**TASK**
What is wanted is the full listing, word for word, without its pictures.

**GIVEN DATA**

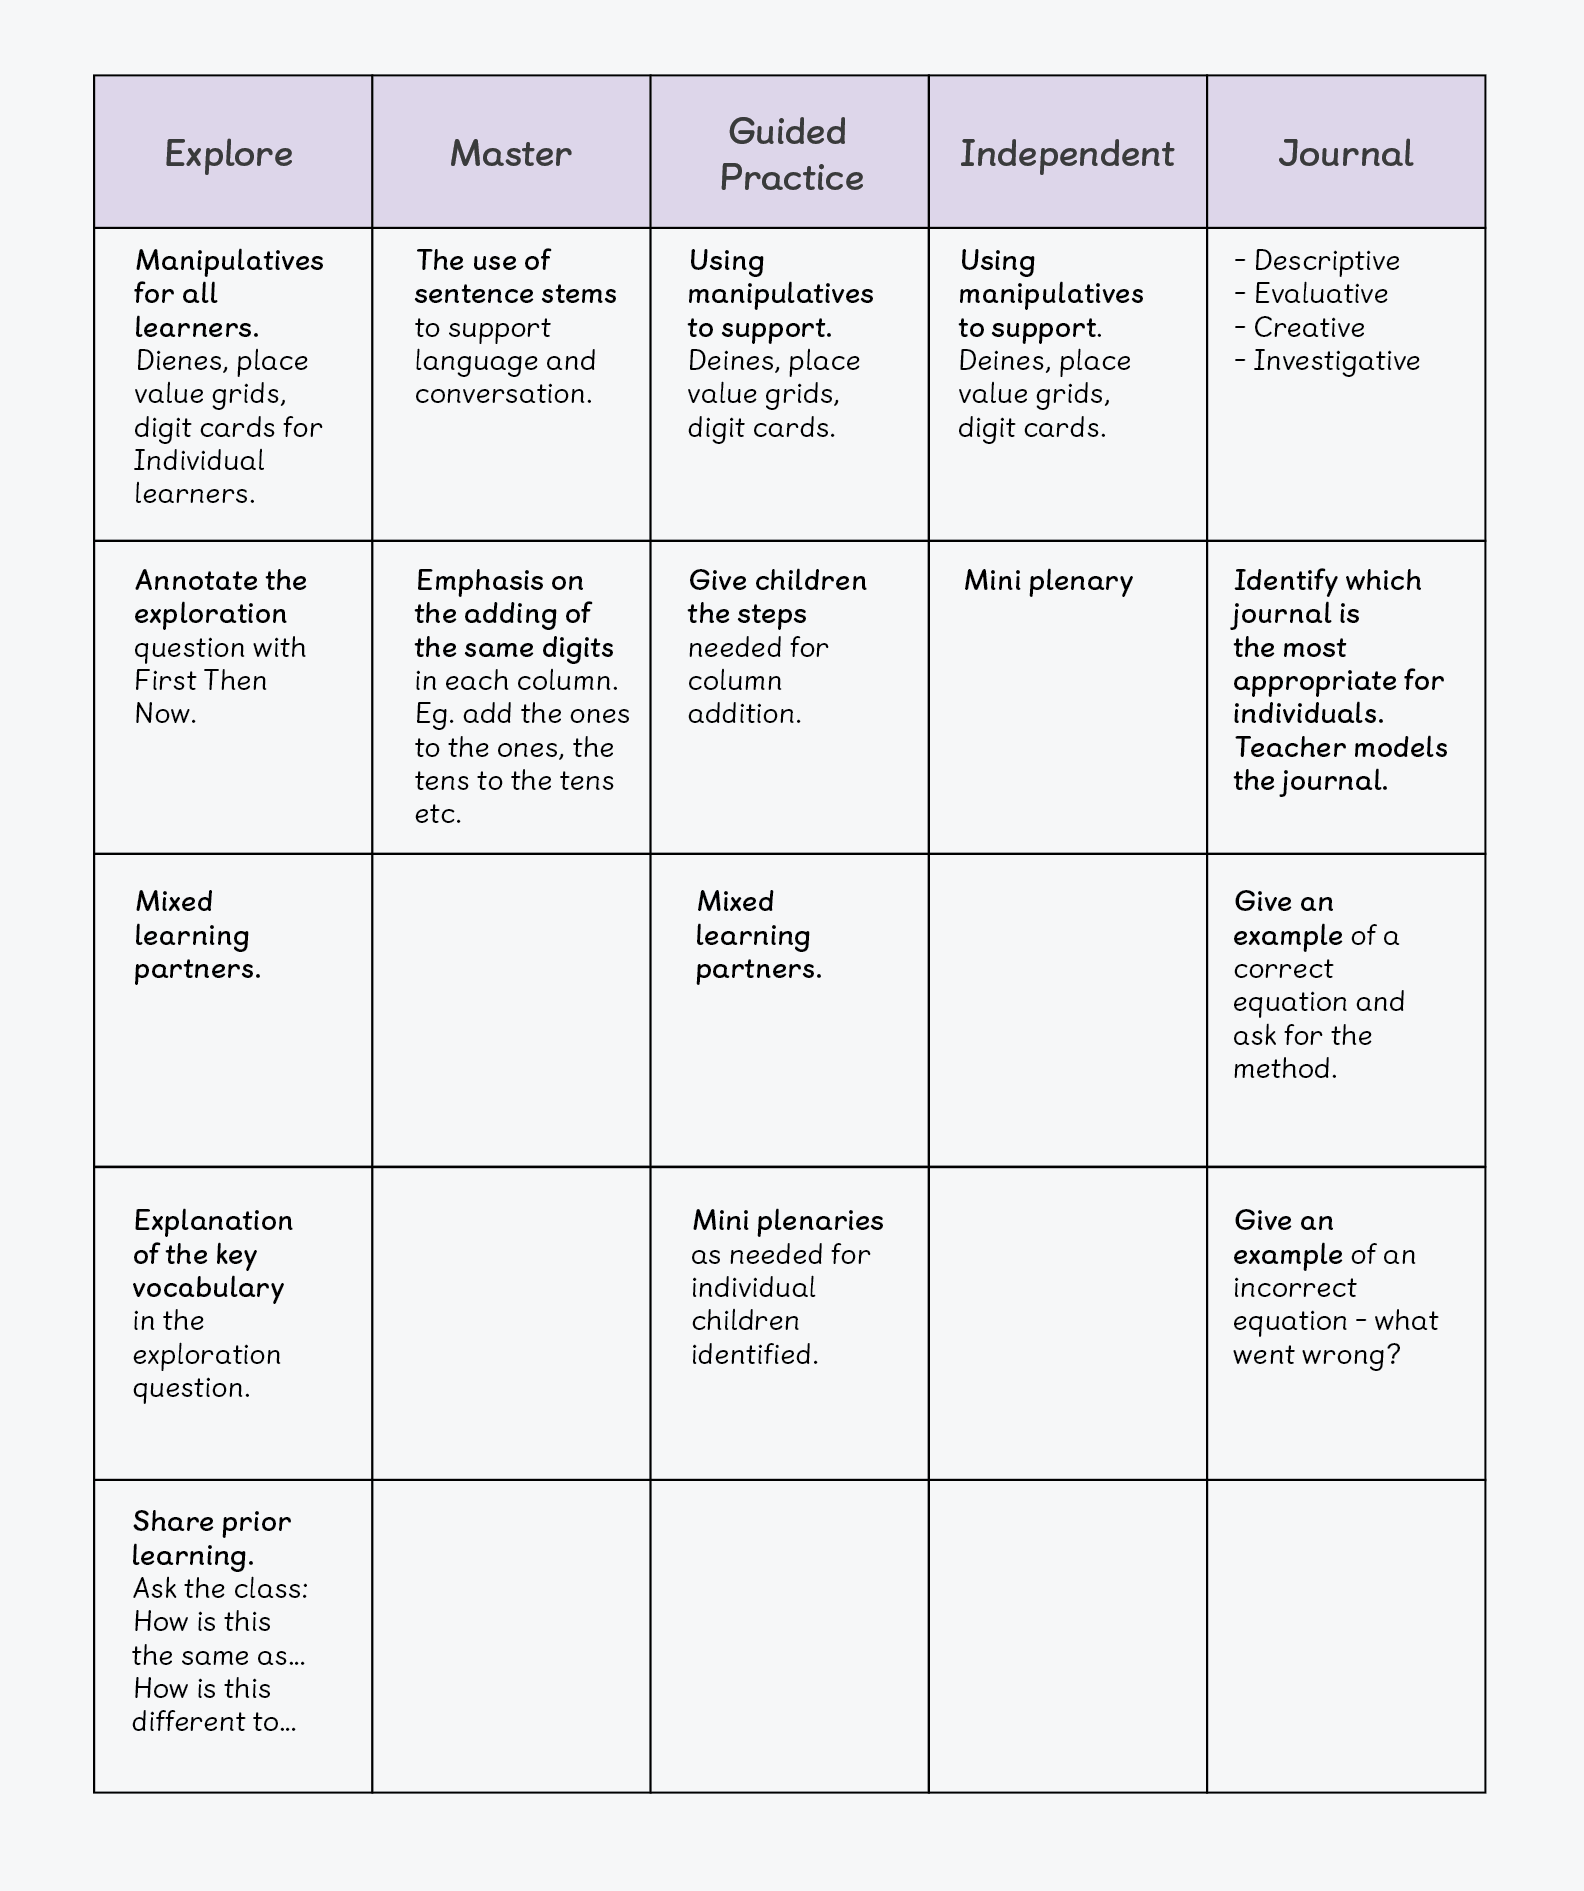 Table of ways to support learners in each stage of a maths mastery lesson. Explore, master, guided practice, independent, journal
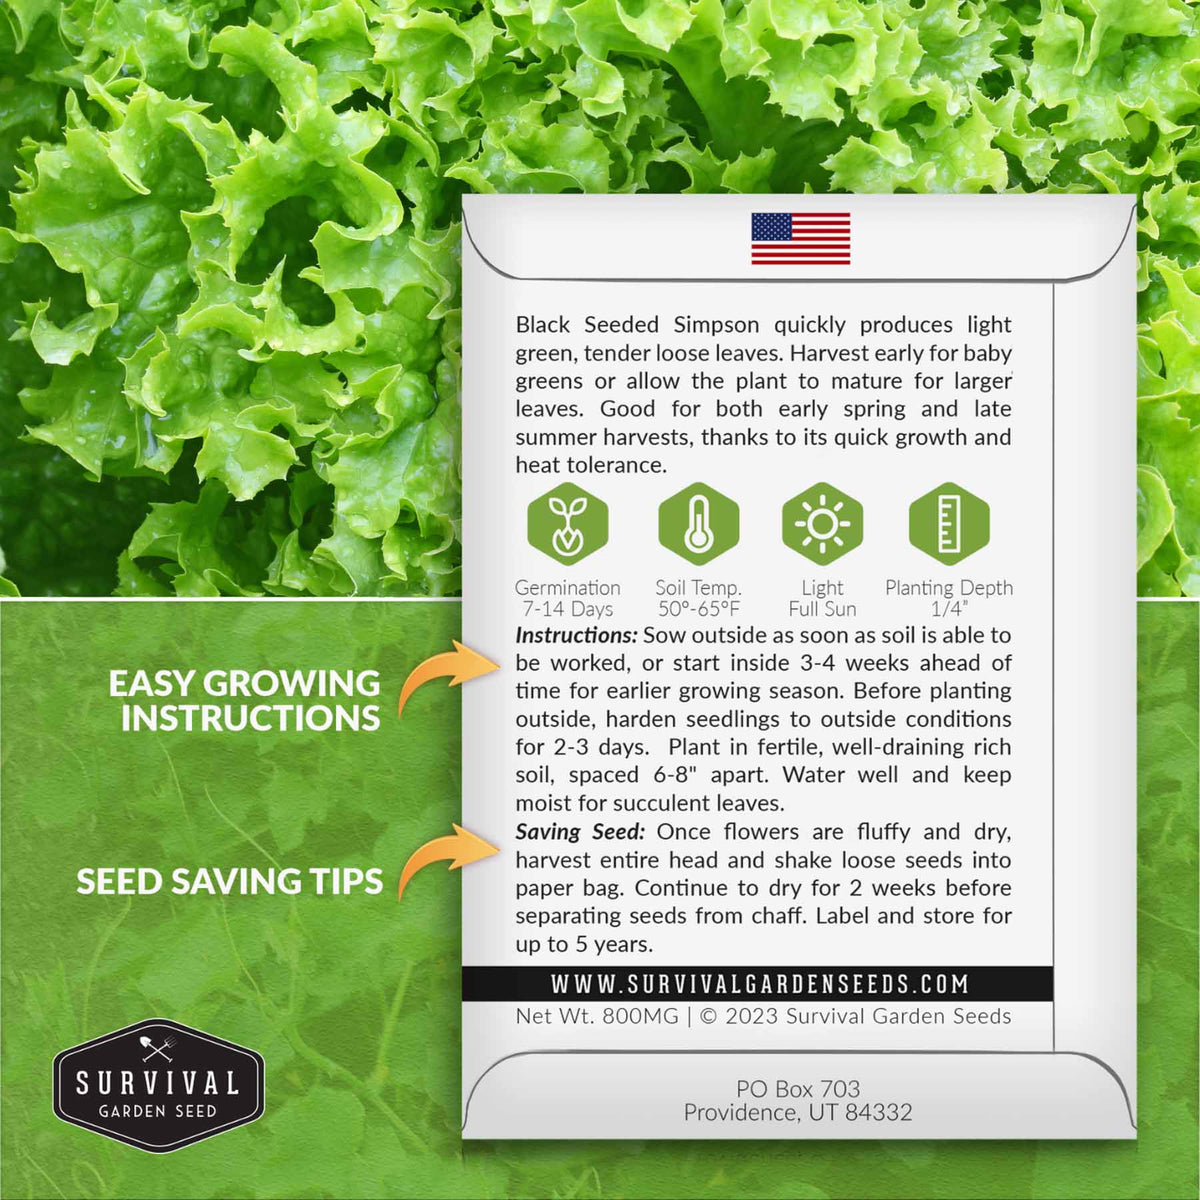 Lettuce seed growing instructions
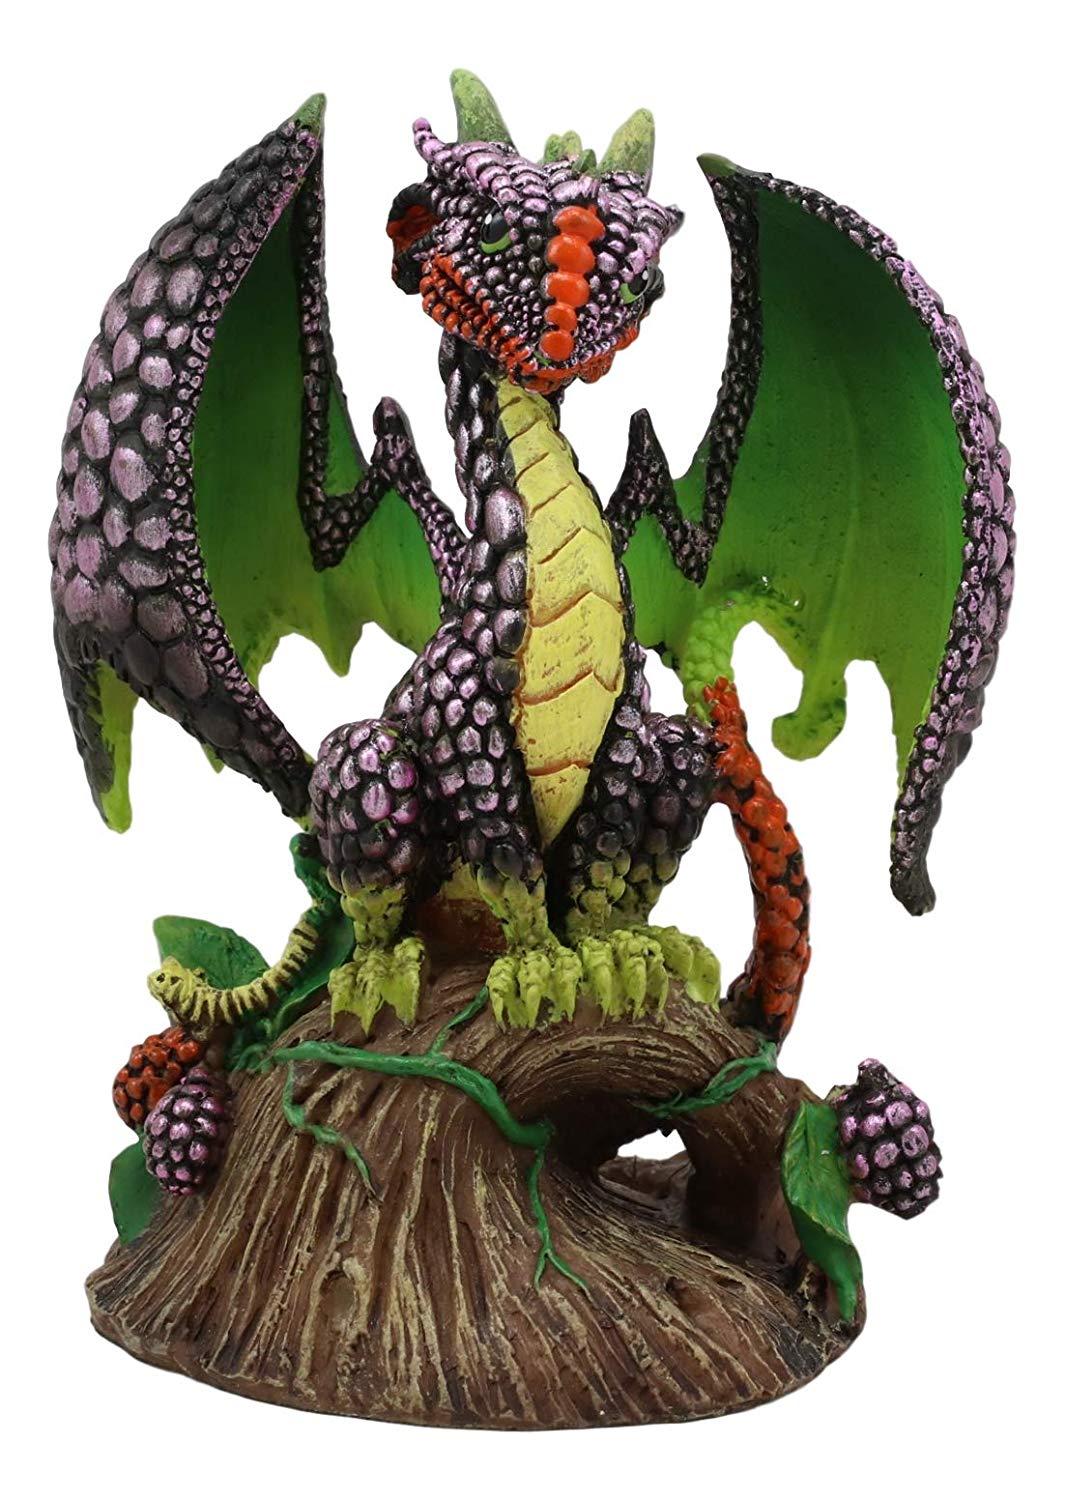 Ebros Colorful Fairy Garden Fruits And Berries Green Blackberry Dragon Statue - image 1 of 4
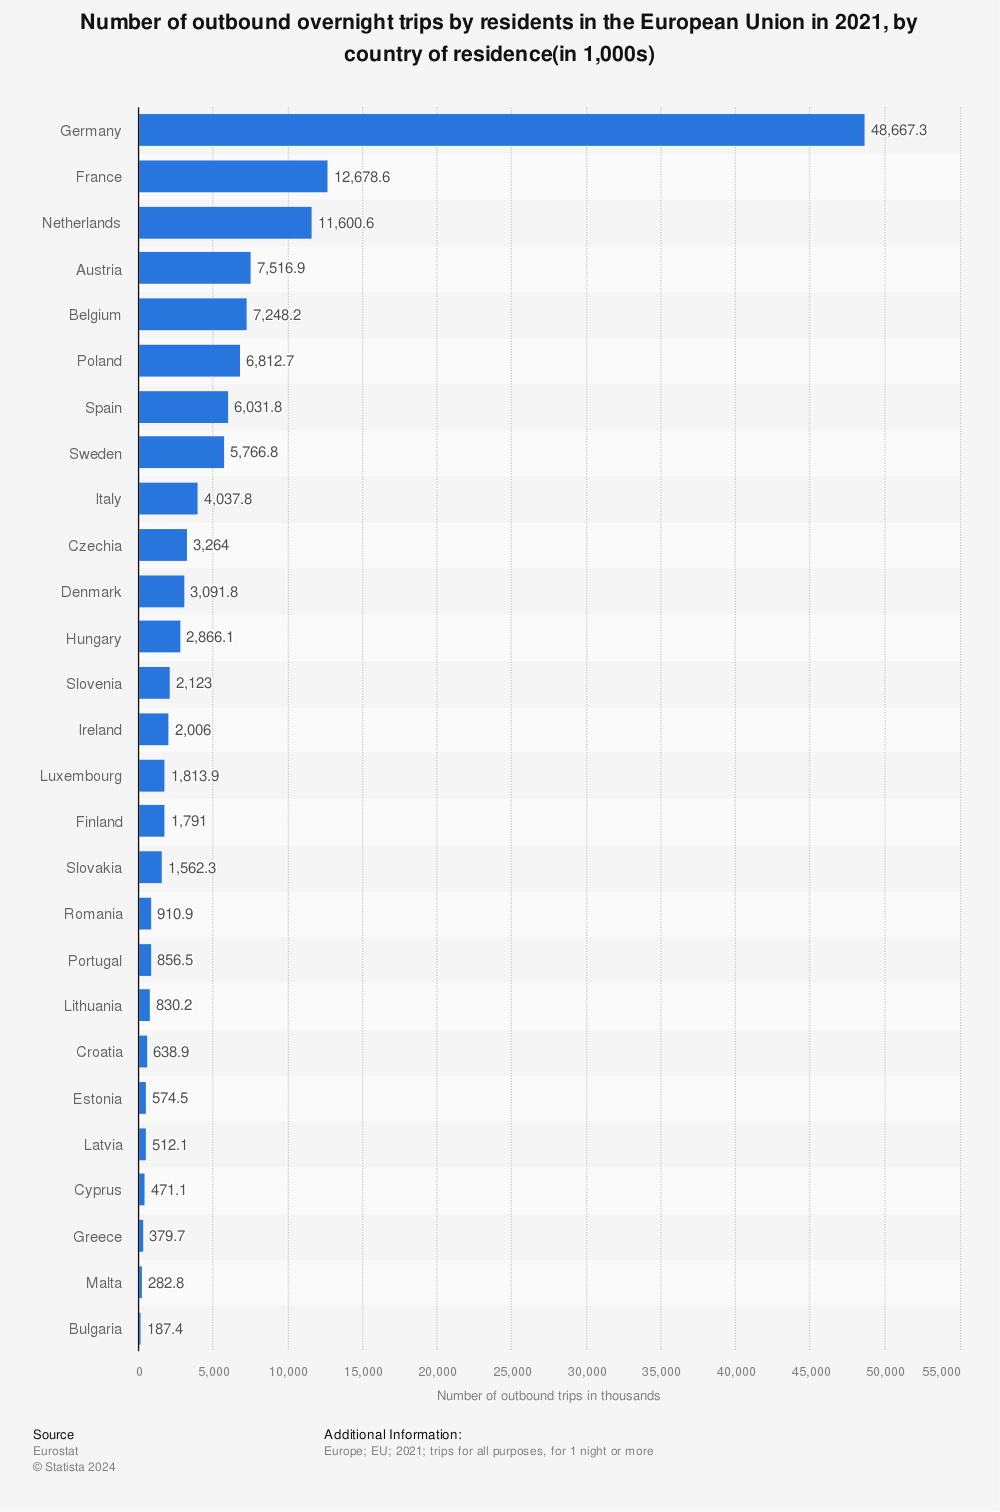 Statistic: Number of outbound overnight trips in the European Union (27 countries) in 2019, by country (in 1,000s) | Statista

**SOLUTION TO THE PROBLEM**
 Table of ways to support learners in each stage of a maths mastery lesson. Explore, master, guided practice, independent, journal
 Lettuce seed growing instructions
 Ebros Colorful Fairy Garden Fruits And Berries Green Blackberry Dragon Statue - image 1 of 4
 Statistic: Number of outbound overnight trips in the European Union (27 countries) in 2019, by country (in 1,000s) | Statista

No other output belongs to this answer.